MySQL Bug of the Day

Ovid on 2008-02-28T13:39:12

One thing which struck me as odd when I started working here is that we used moderately long strings, called 'pids' as primary keys on many of our tables. These keys are char(8) and encoded as utf8. This makes the key length longer than it needs to be and longer primary keys can cause performance issues (which is why you rarely see UUIDs being used as primary keys).

When I asked about this, I was informed about a "fun" issue with MySQL. Apparently, when using InnoDB (we have MySQL version 5.0.45), AUTO_INCREMENT keys lock the entire table and we were getting serious deadlock issues. Allegedly this is fixed in 5.1. The rationale listed?

[Table level locks are] necessary with the current logical binlogging of MySQL, since the auto-inc values assigned in a single SQL statement must be consecutive.

I don't understand this. From an application standpoint, auto-inc keys should be non-identifying and frankly, it shouldn't matter if they're consecutive, ordered, random, whatever, so long as they're unique. I suspect that this is done for internal architectural reasons because I can't imagine that even the MySQL developers think that it's logically necessary that these keys be consecutive.

The counter-argument I envision is someone telling me that you want to know what order the records were inserted in and gaps will give you an idea of what you might be deleting. If that's the counter-argument, I would suggest that you explicitly plan for this and not rely allow an internal implementation detail. That's encapsulation violation.


Yes it could be better... but a bug?

mpeters on 2008-02-28T14:07:47

Apparently, when using InnoDB (we have MySQL version 5.0.45), AUTO_INCREMENT keys lock the entire table
This is only a problem when you are doing lots of inserts in one SQL statement. As they say later on, it's a performance reason (to avoid calling ::get_auto_increment() for each row) not something they think is logically required.

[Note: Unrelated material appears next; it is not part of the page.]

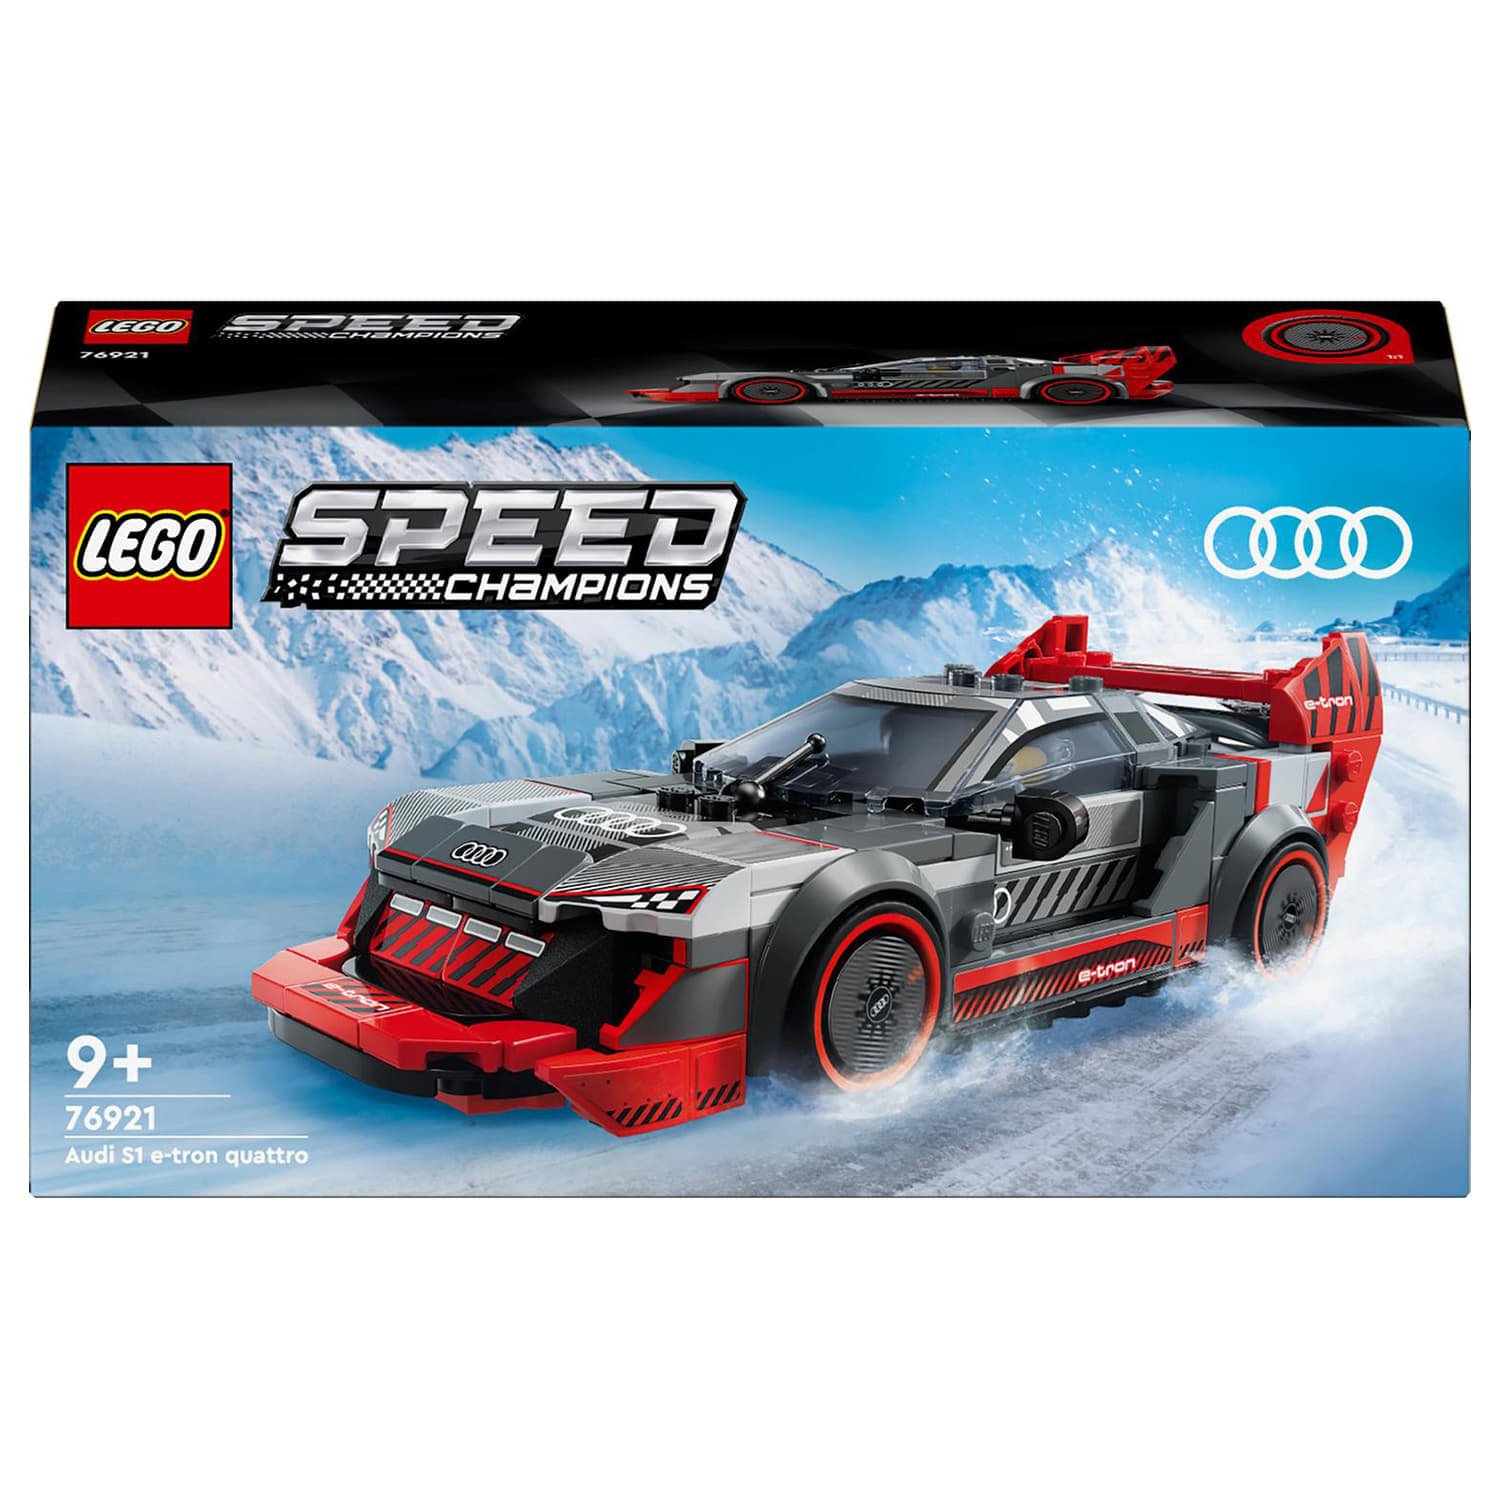 Speed Champions 76921 Audi S1 e-tron quattro Race Car

From an application standpoint, auto-inc keys should be non-identifying
Why? A unique number is a pretty good way to identify something and auto-increment keys should always be unique. It doesn't mean it's the best key. Somethings have pretty good natural keys, but even those are usually text and won't have the speed of an integer.

frankly, it shouldn't matter if they're consecutive
I agree that with-in a multi-insert statement, the various insert parts don't need to be consecutive. But if auto-increment keys weren't consecutive I'd be worried. "Increment" implies that the values are consecutive. I'd hate for $i++ to increment my value to some non-consecutive number :)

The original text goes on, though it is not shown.